**The problem**
Would you please print exactly the lines that run from the one with "This large and" to the last line of the data, both included, without any pictures?

**Raw data**
------------------------------------------------------------------------

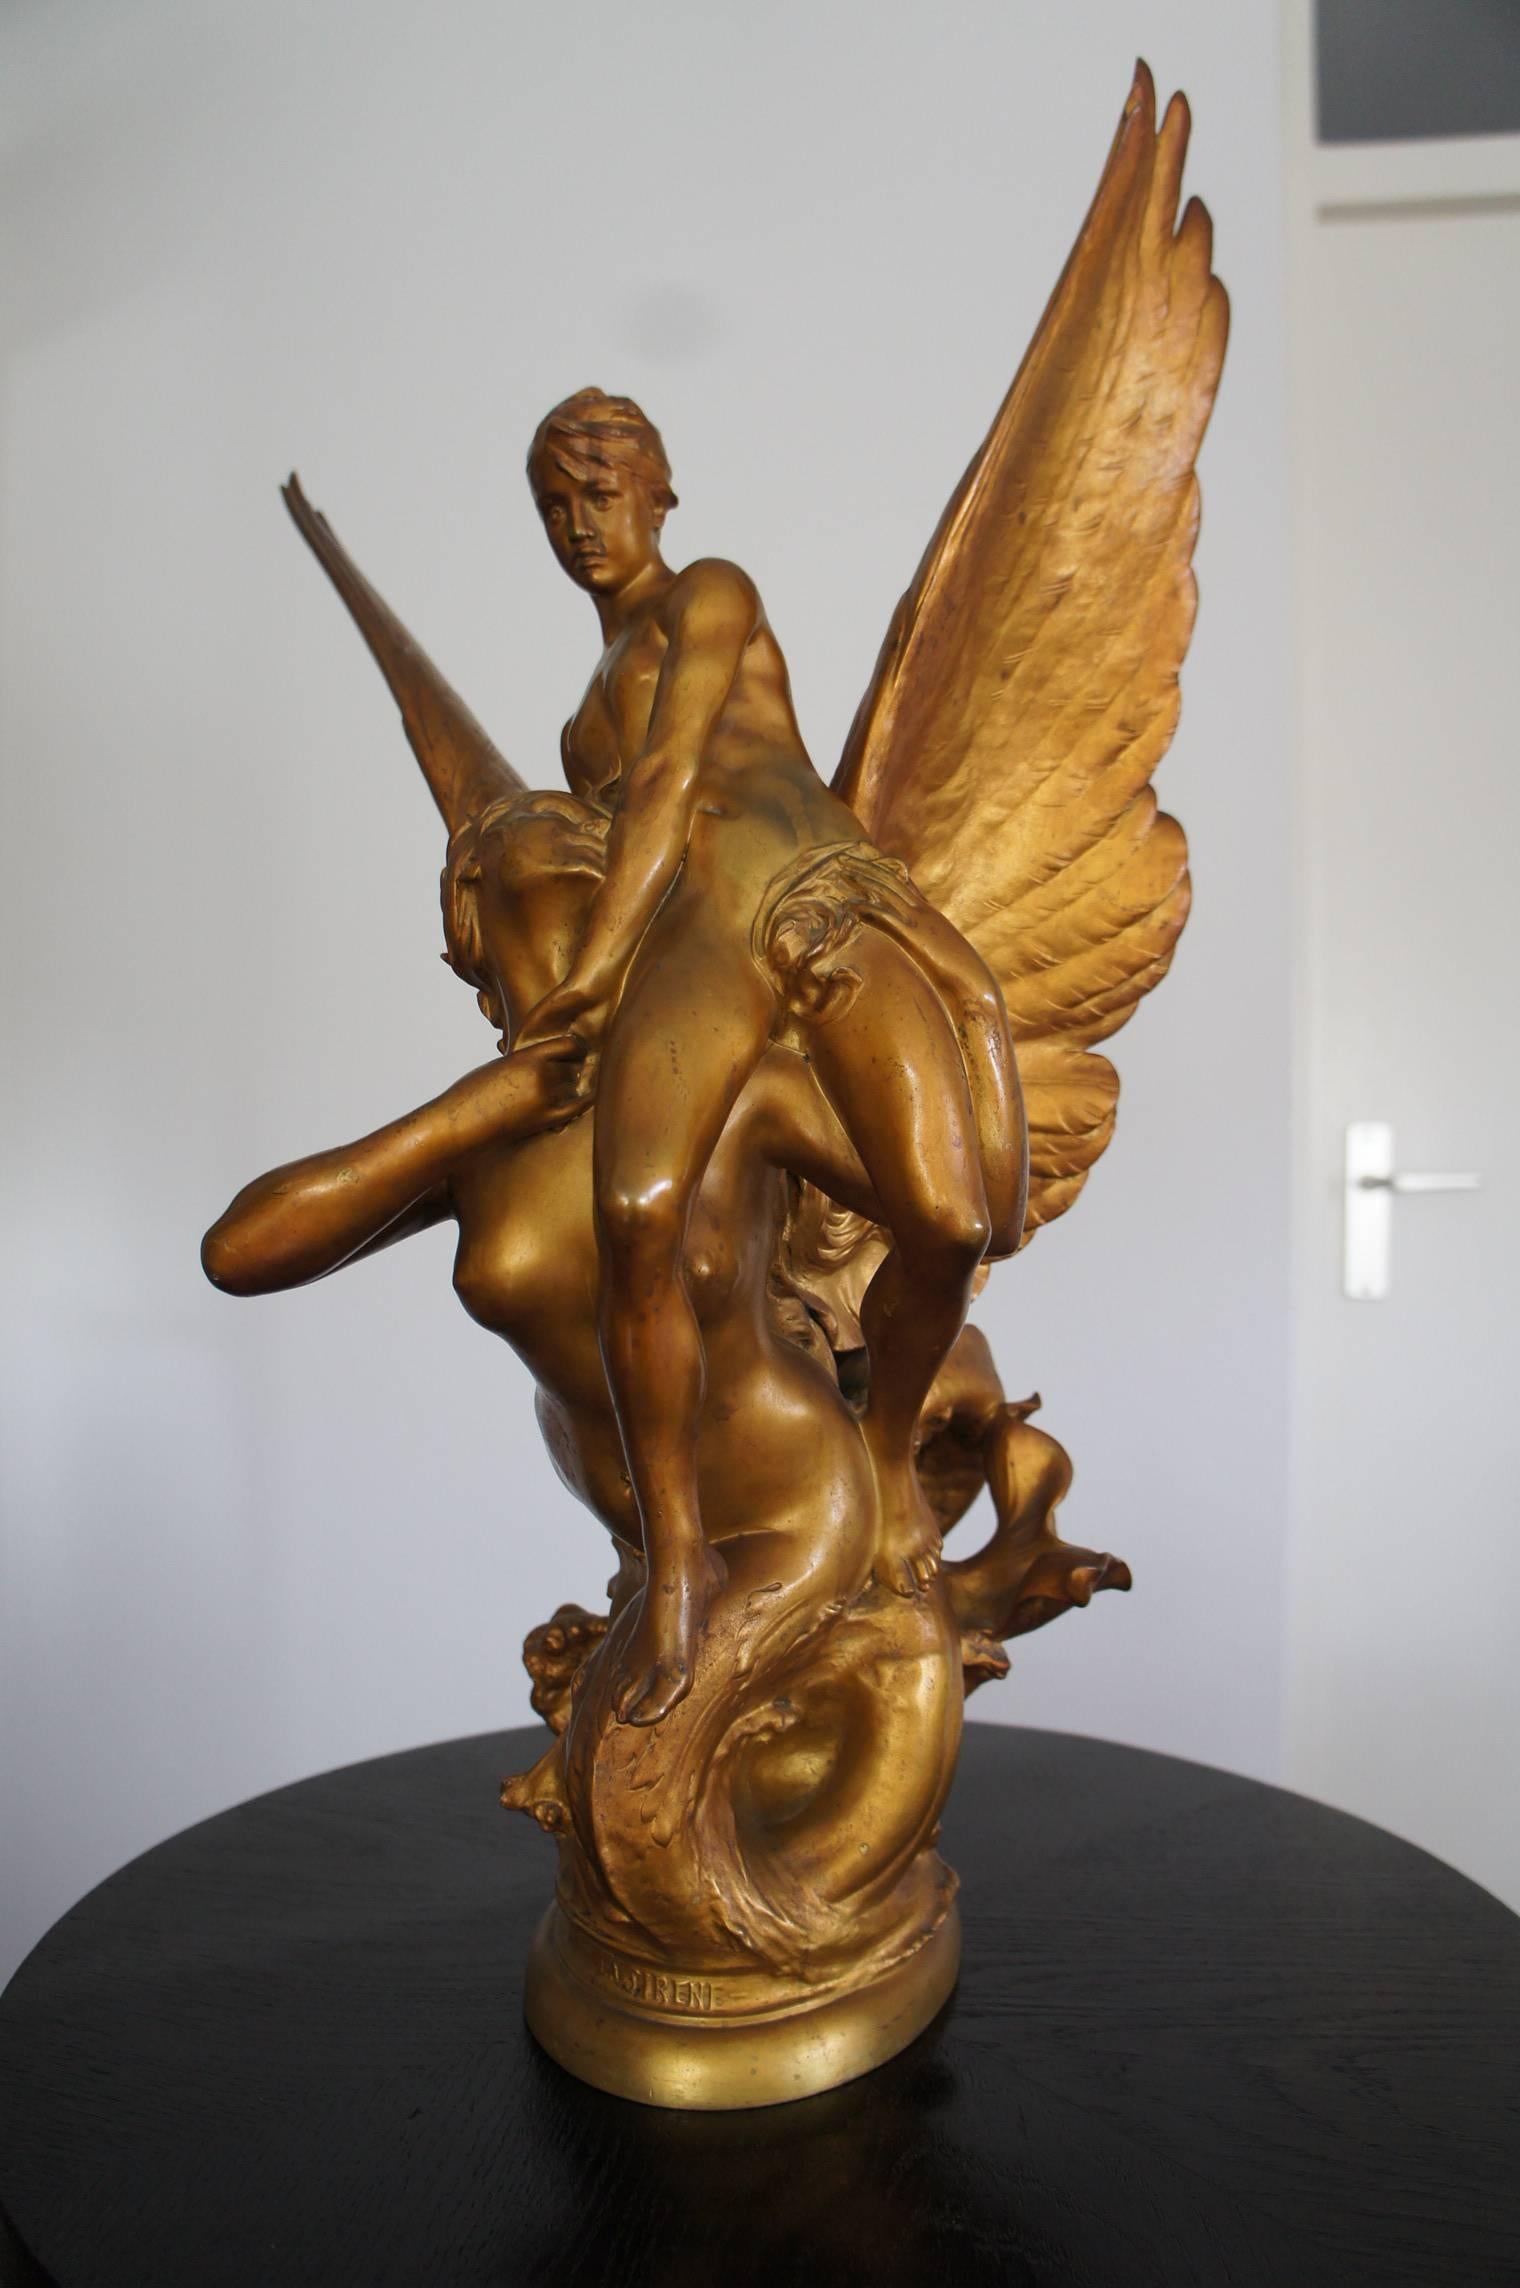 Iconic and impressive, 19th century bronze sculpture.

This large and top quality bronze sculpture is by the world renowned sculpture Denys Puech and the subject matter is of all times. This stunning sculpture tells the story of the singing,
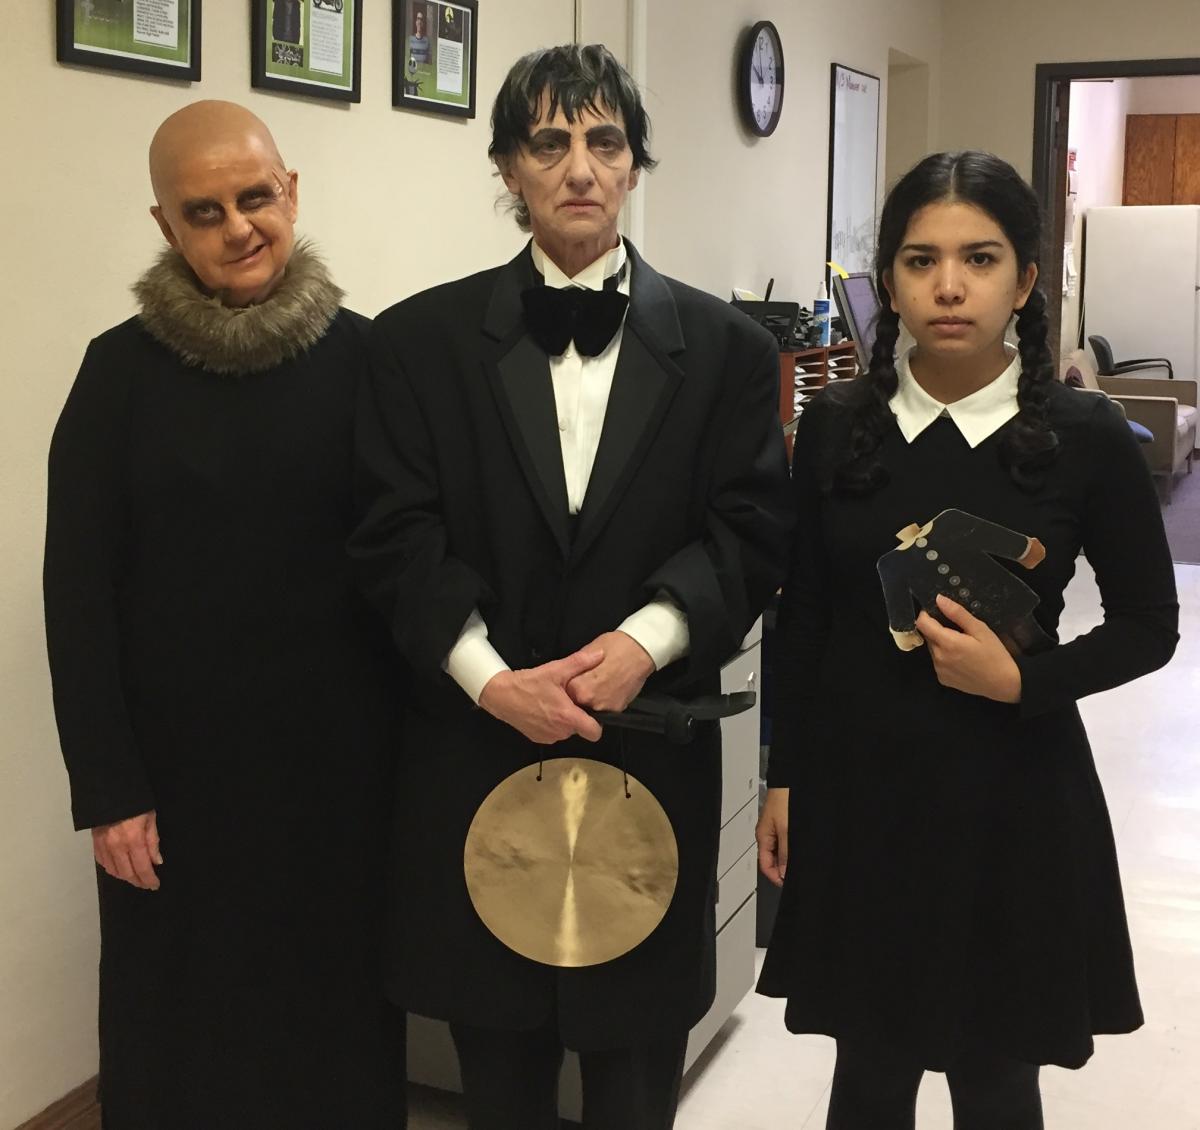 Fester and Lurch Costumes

------------------------------------------------------------------------

**Solution for this task**
This large and top quality bronze sculpture is by the world renowned sculpture Denys Puech and the subject matter is of all times. This stunning sculpture tells the story of the singing,
 Fester and Lurch Costumes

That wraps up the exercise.